### Task prompt
Without its pictures, the listing below is to be transcribed exactly.

### Given information
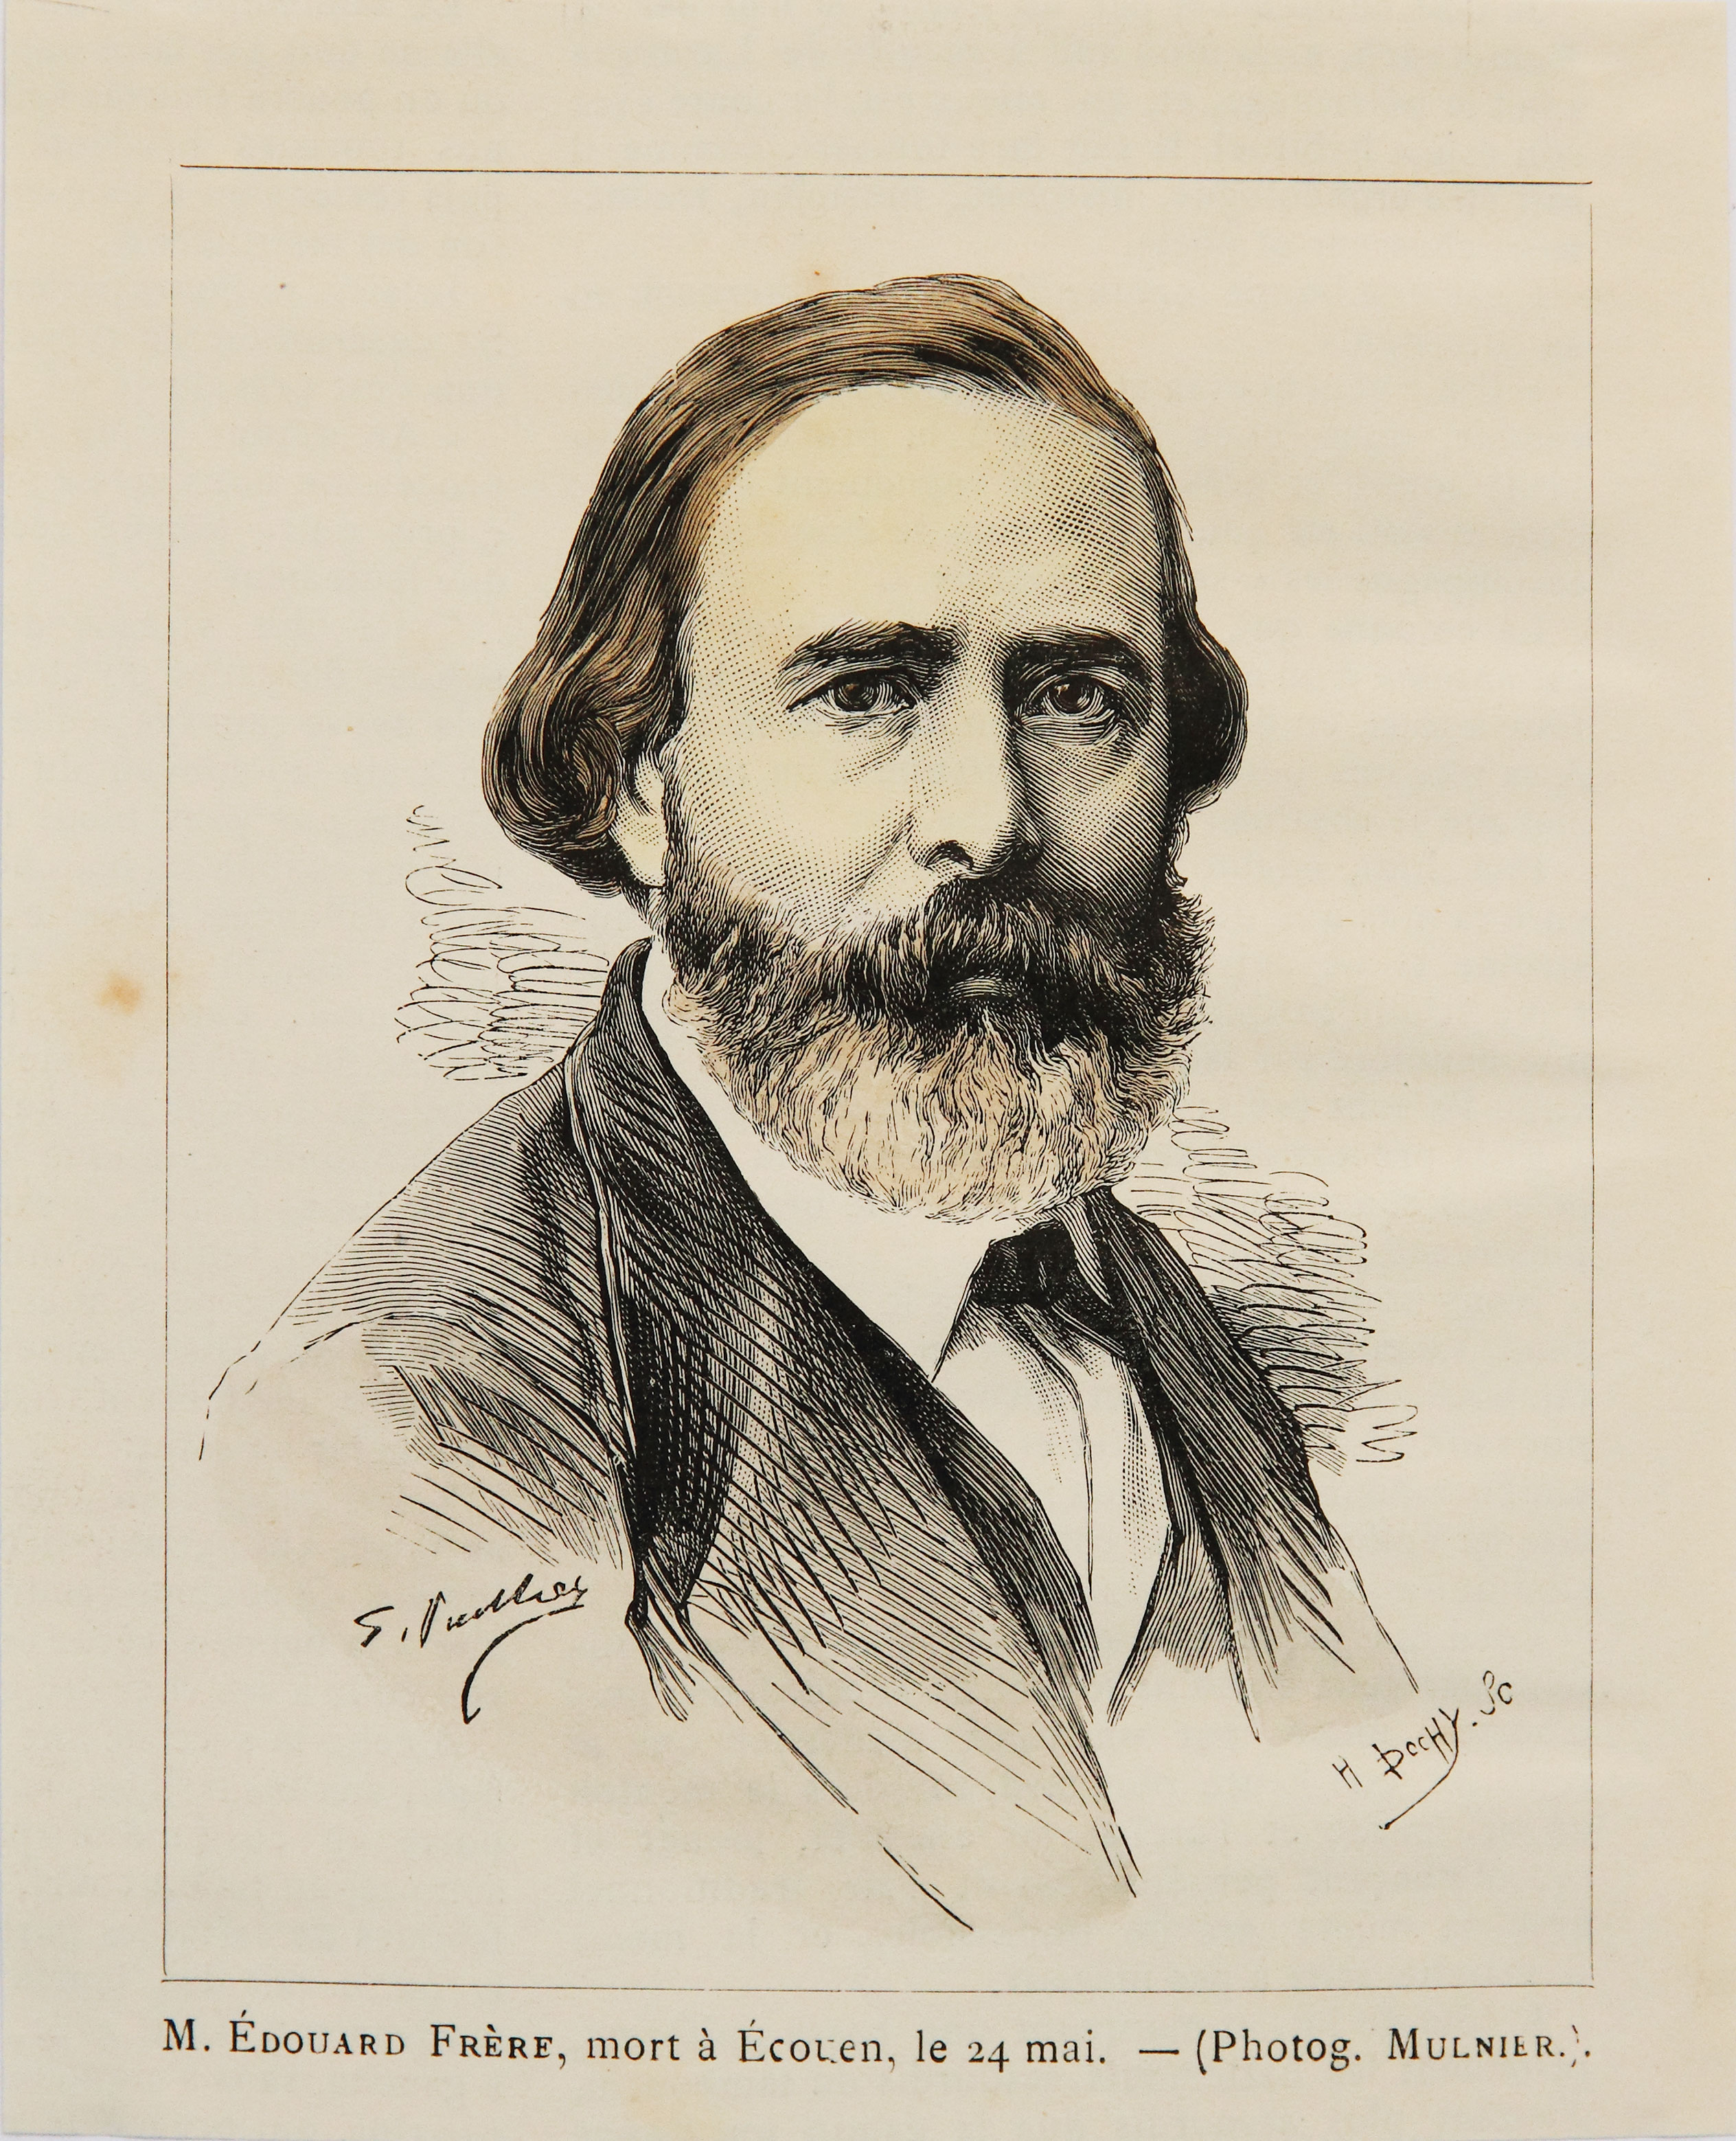 Pierre Edouard Frere
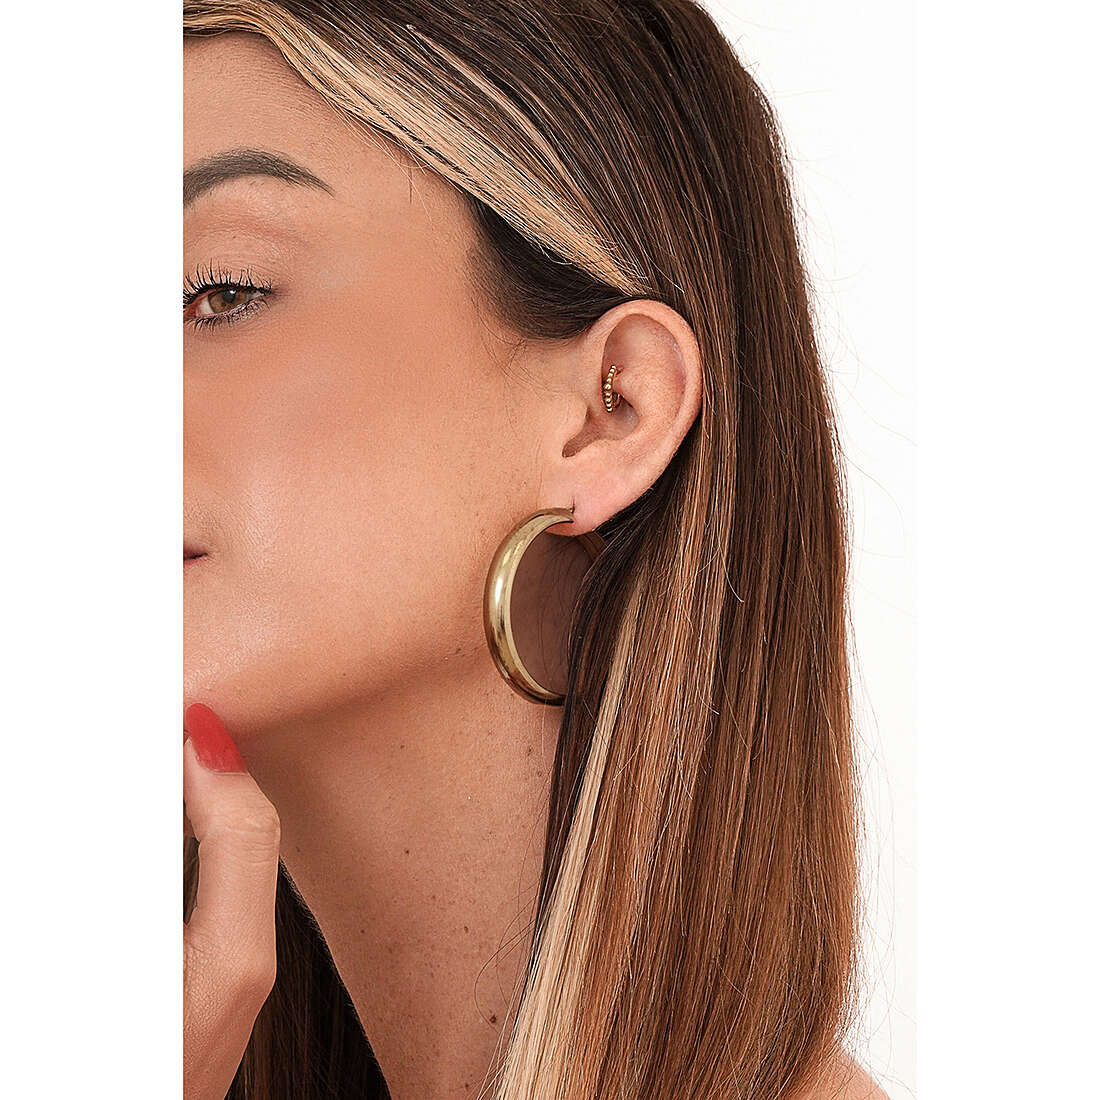 GioiaPura earrings woman GYOARW0315-4.5 wearing
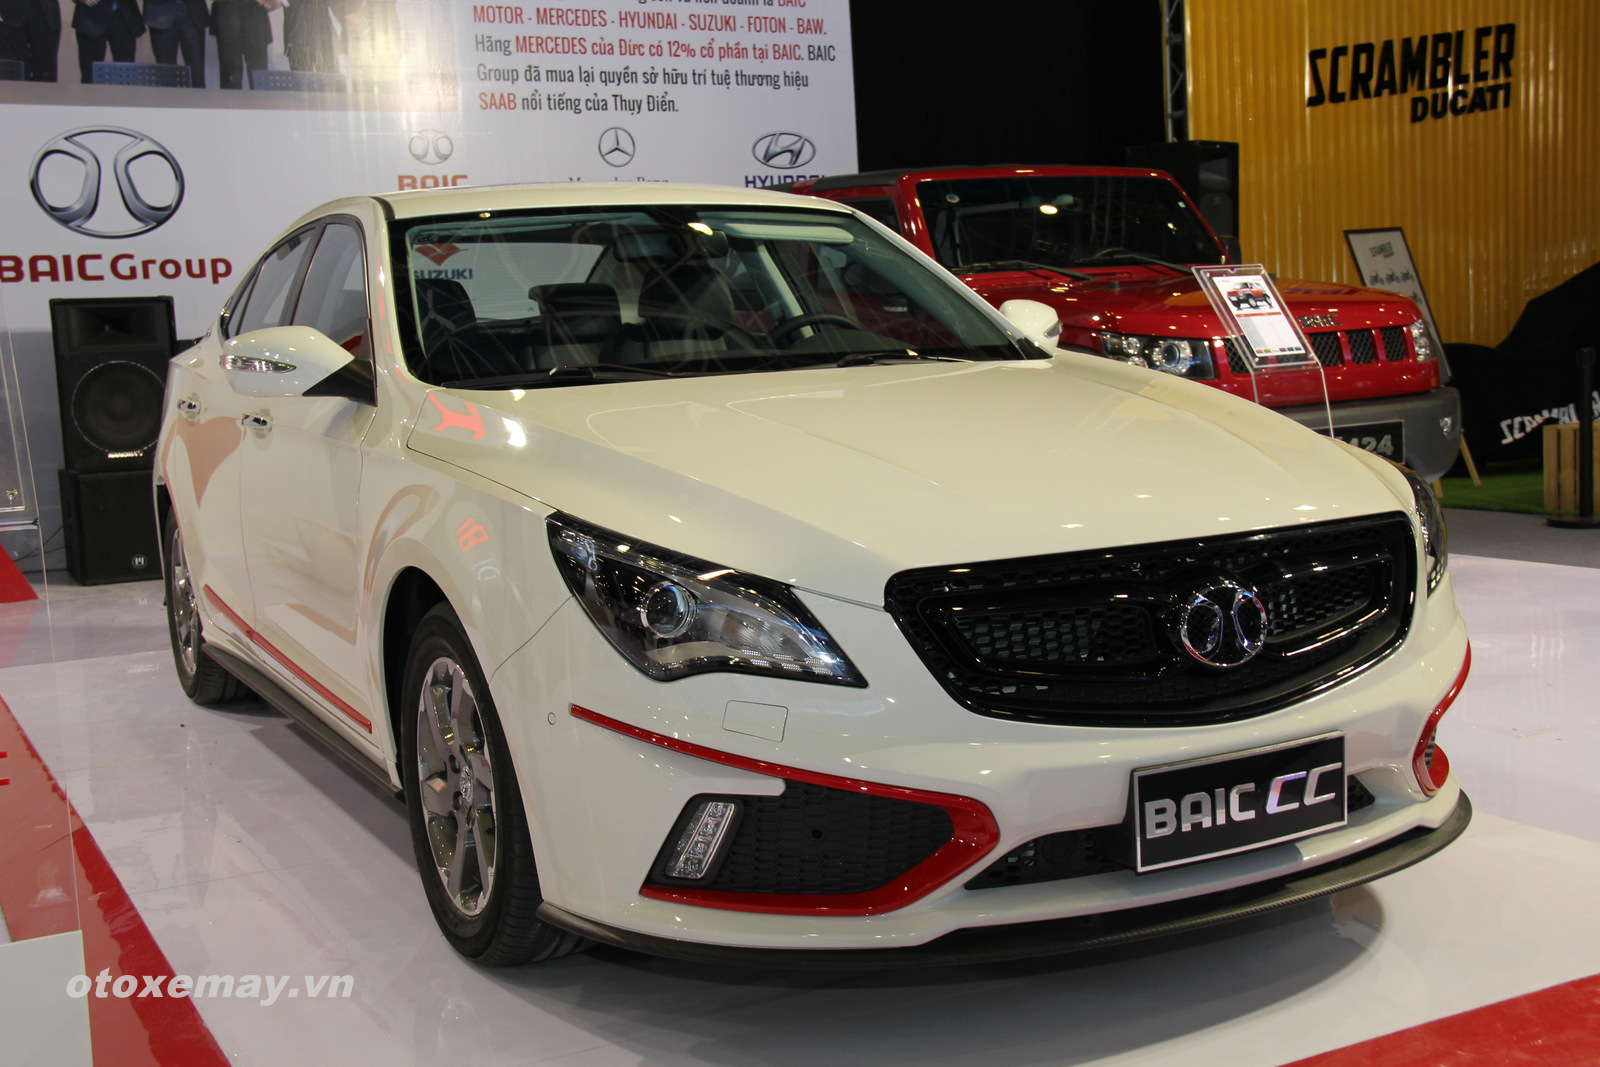 VIMS 2015: Cận cảnh sedan BAIC CC của Trung Quốc 1

### Written answer
 Pierre Edouard Frere
 GioiaPura earrings woman GYOARW0315-4.5 wearing
 VIMS 2015: Cận cảnh sedan BAIC CC của Trung Quốc 1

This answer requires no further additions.